THE DATA
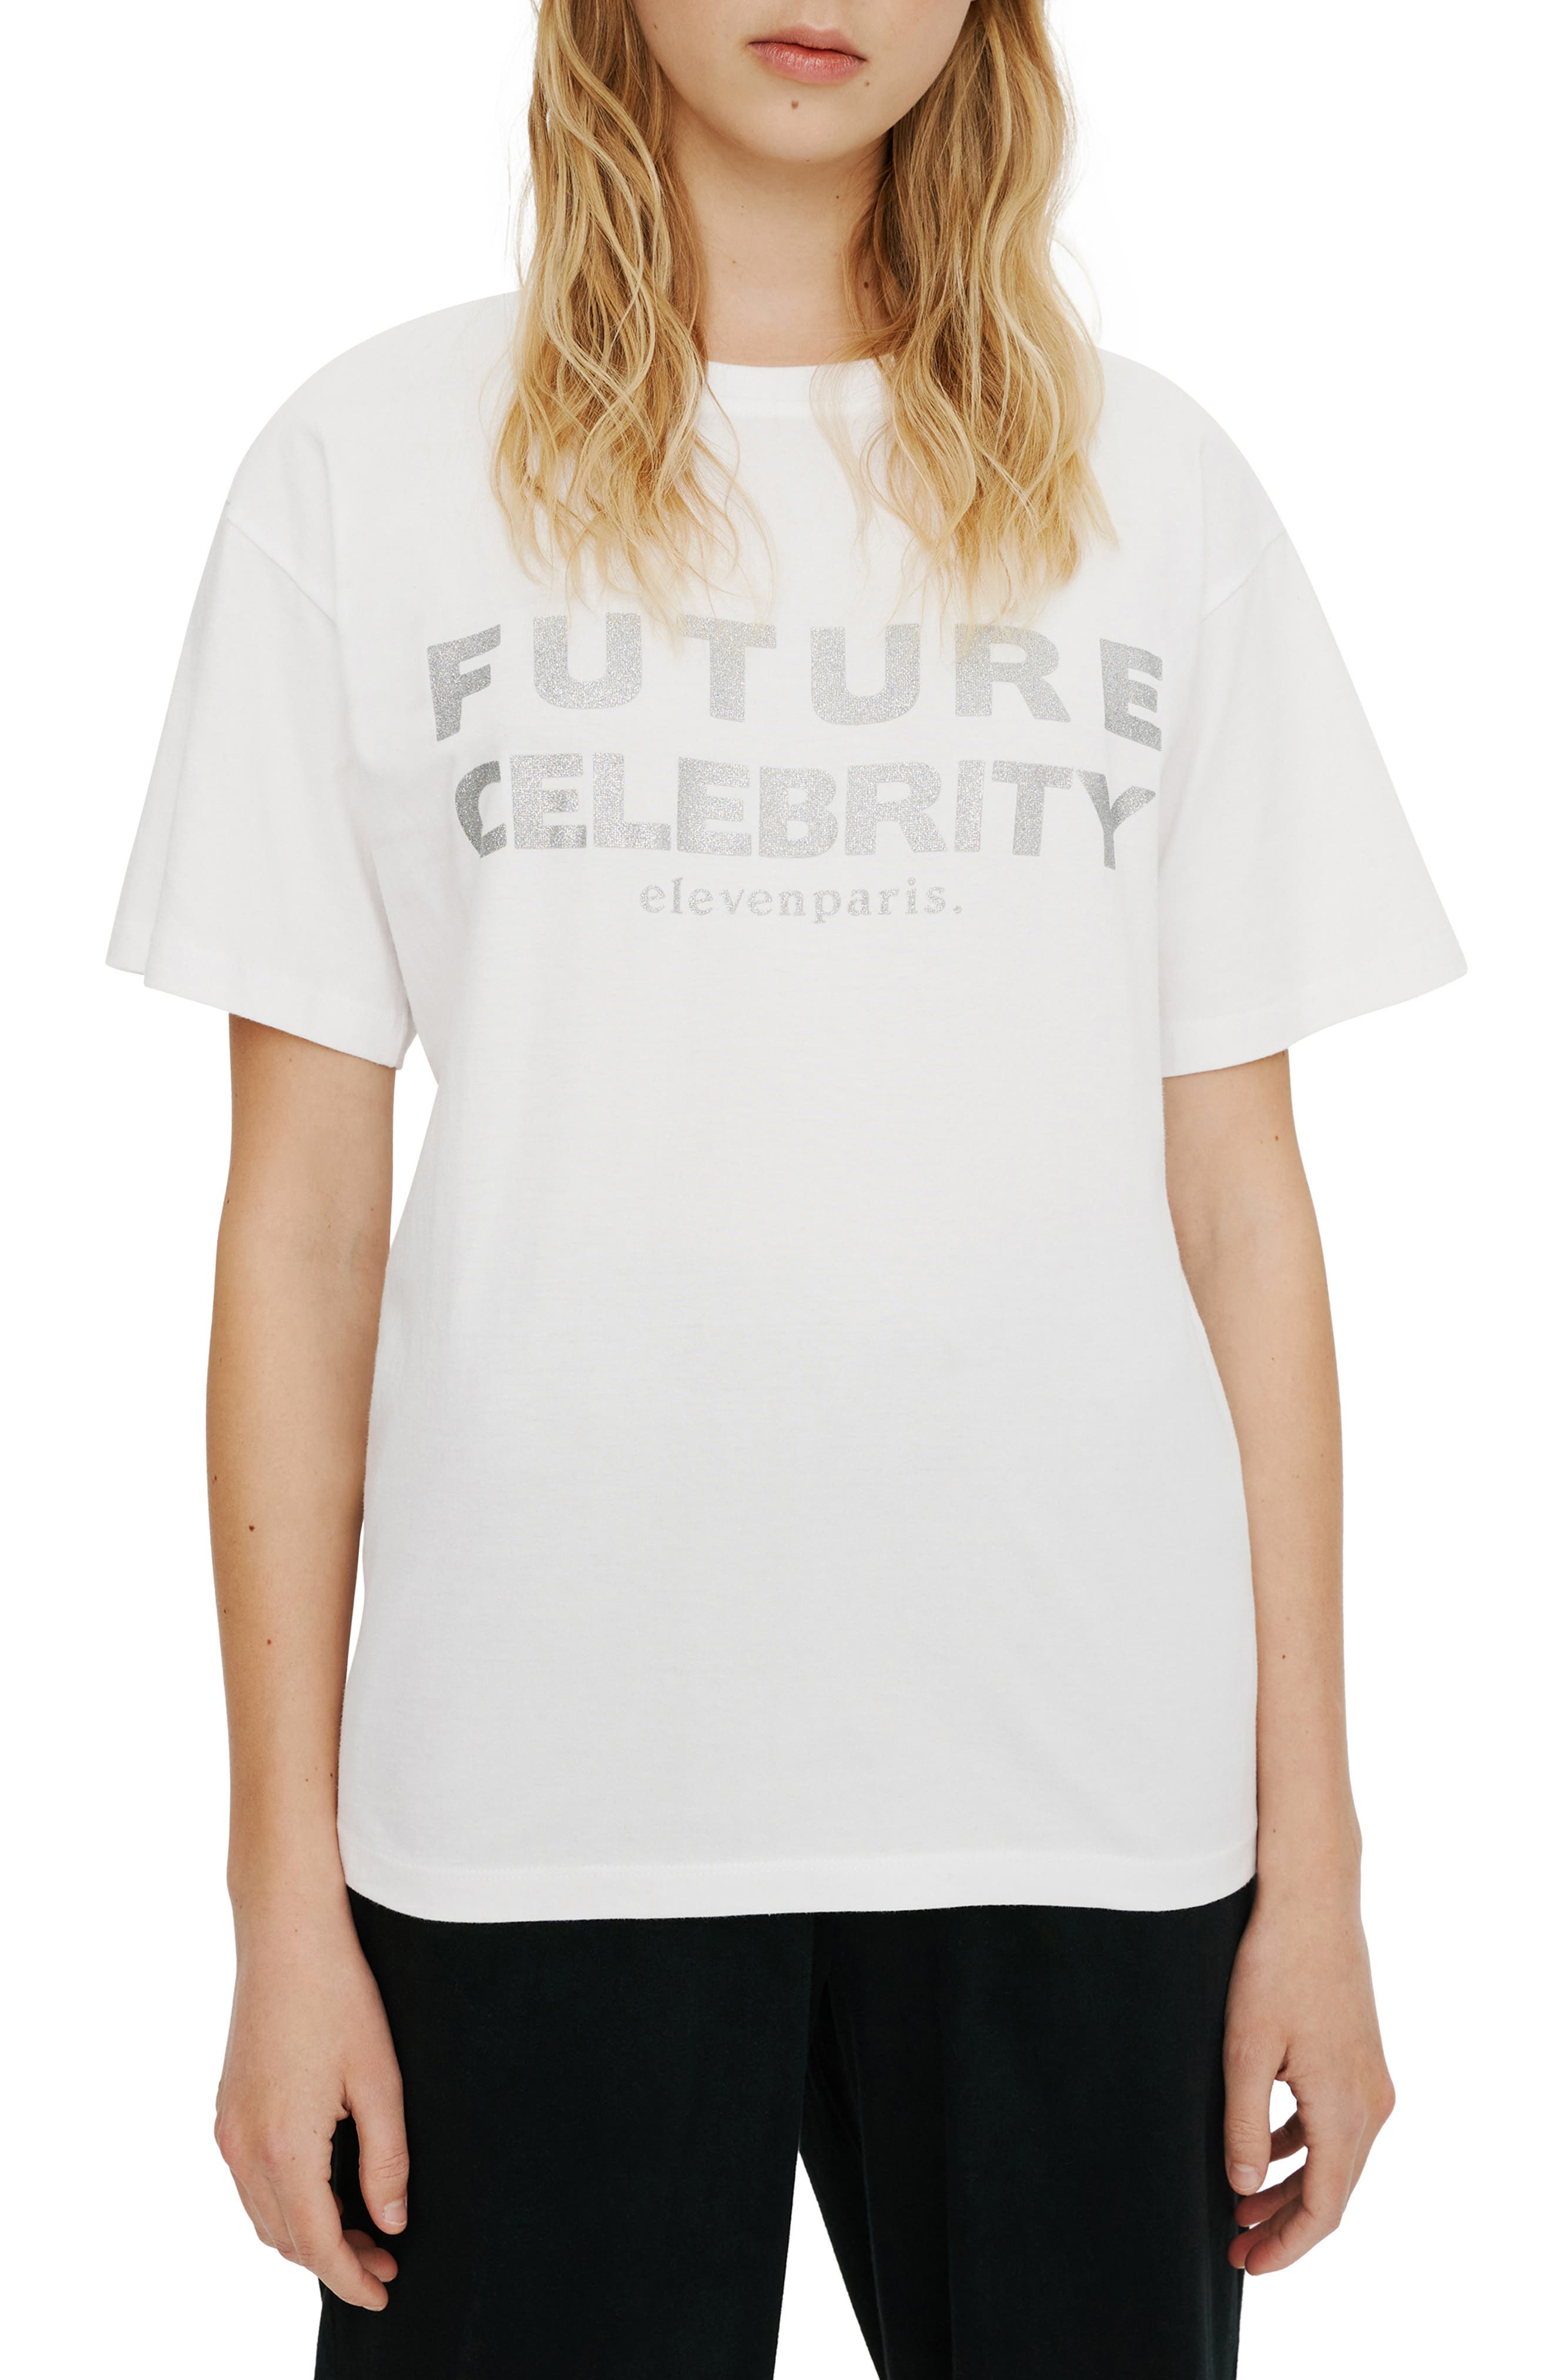 Future Celebrity Glitter Graphic Tee
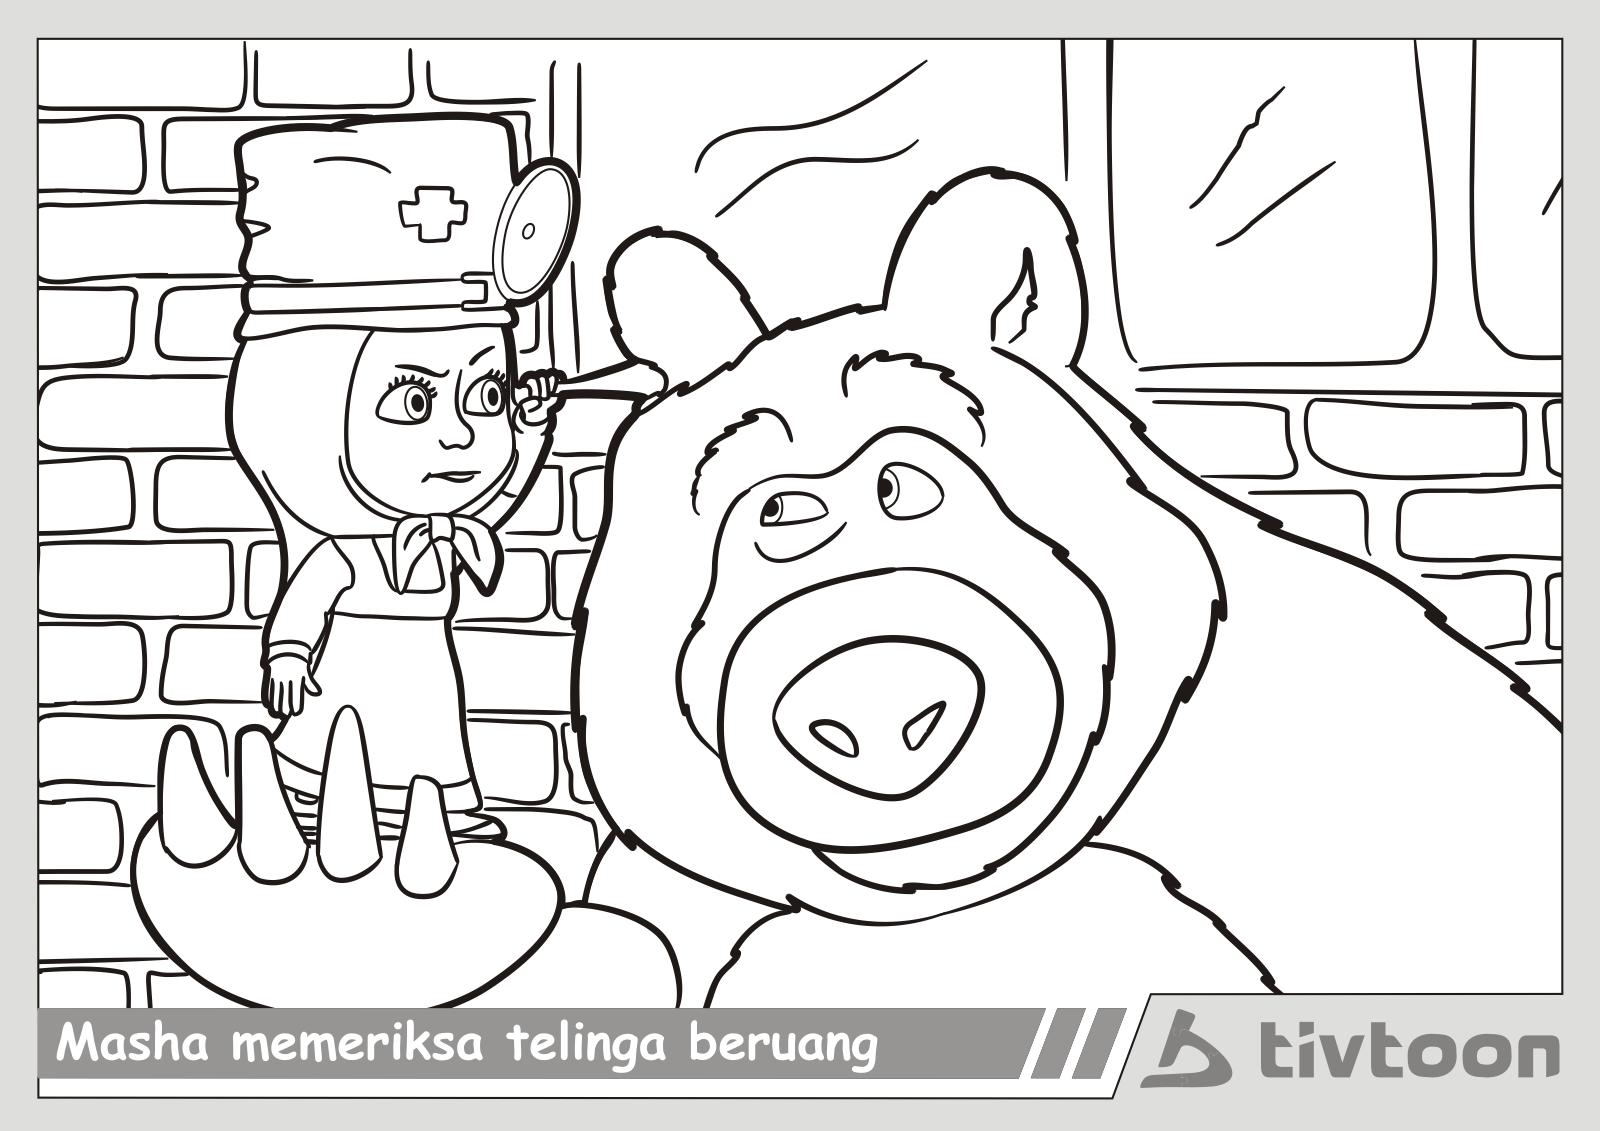 Gambar Sketsa Kartun Masha
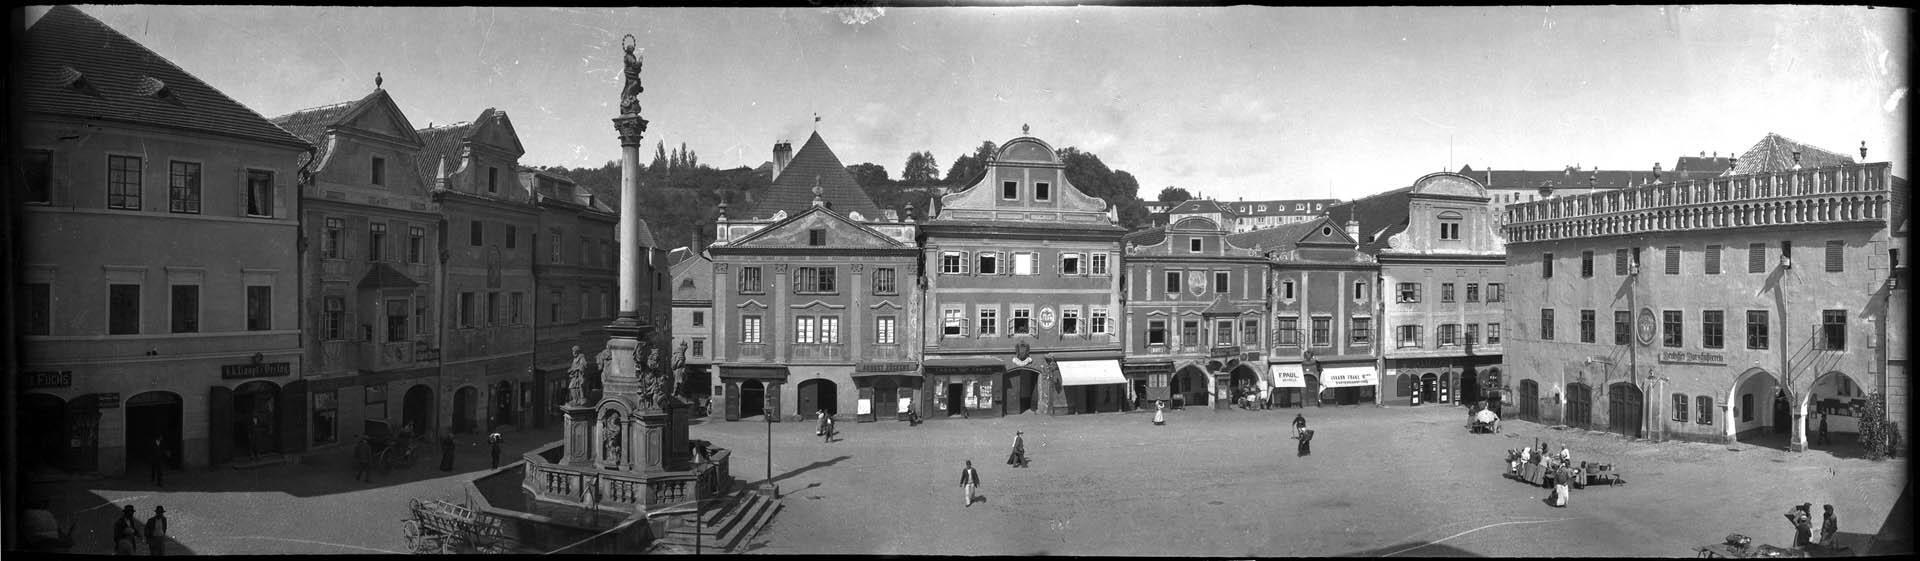 History Oldinn, Jan Hotels, Czech Republic
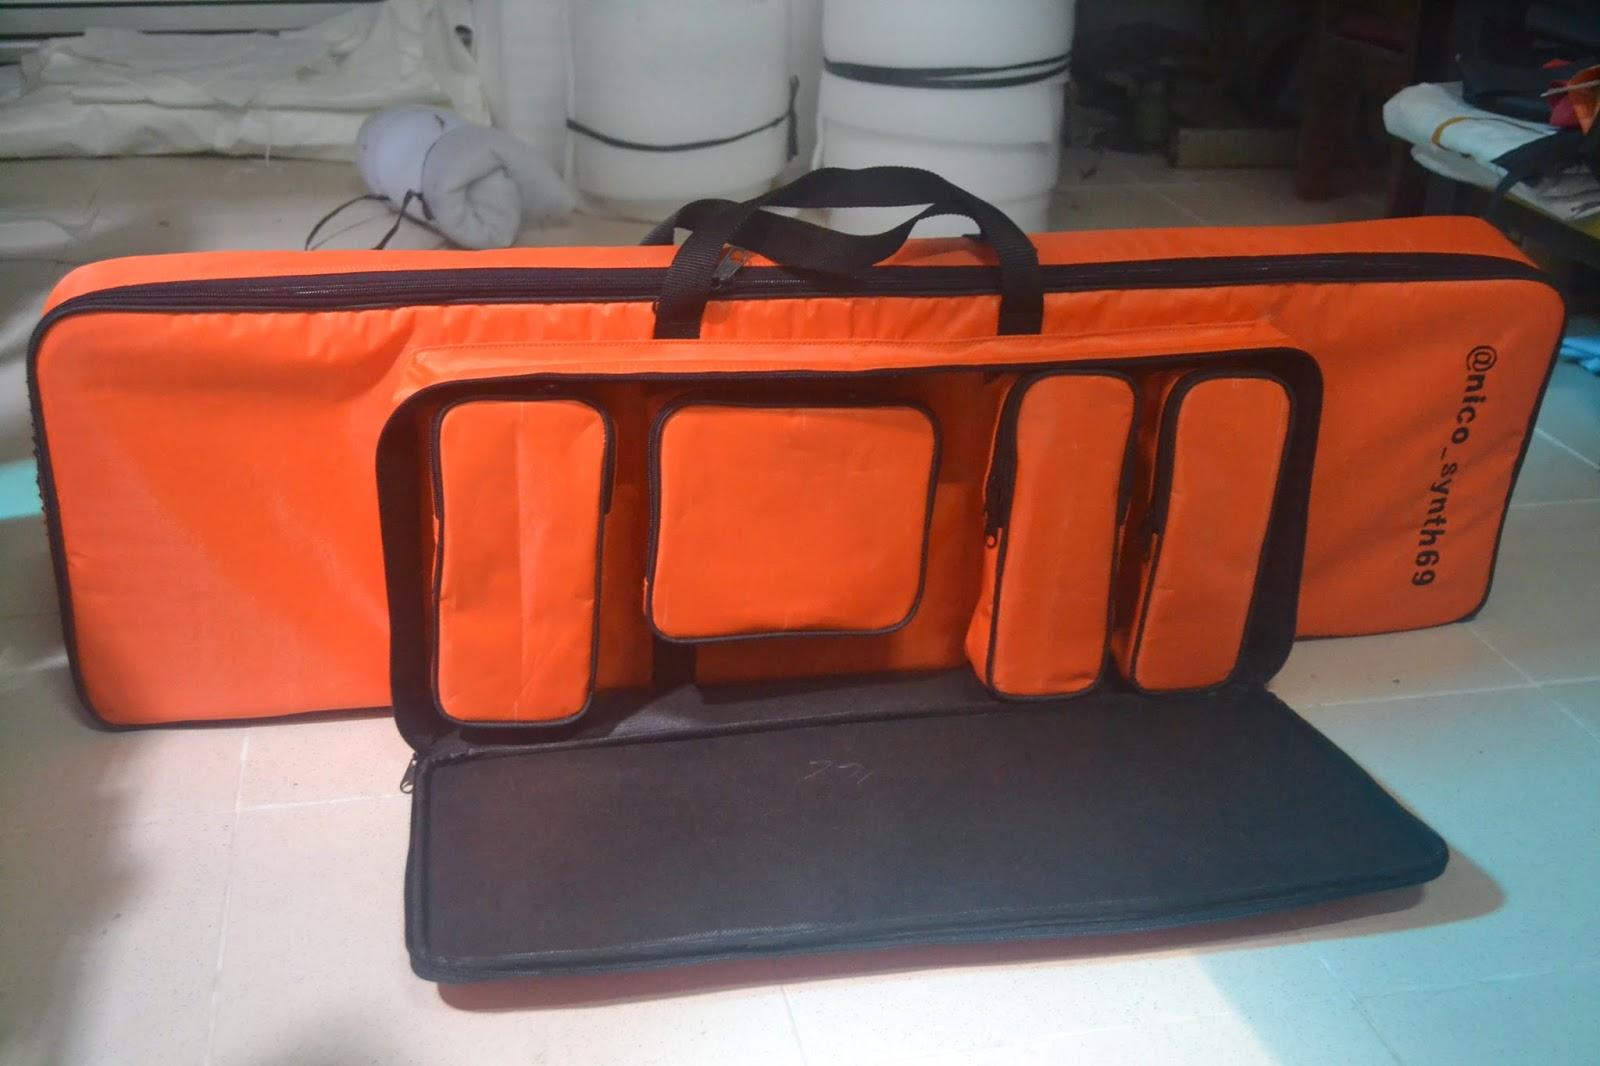 Tas/Softcase Keyboard KORG X50 wadah pedal, kabel, dan lain lain

DESCRIPTION OF THE TASK
All of the material above should be output exactly, with the pictures left behind.

ANSWER FOR THE TASK
 Future Celebrity Glitter Graphic Tee
 Gambar Sketsa Kartun Masha
 History Oldinn, Jan Hotels, Czech Republic
 Tas/Softcase Keyboard KORG X50 wadah pedal, kabel, dan lain lain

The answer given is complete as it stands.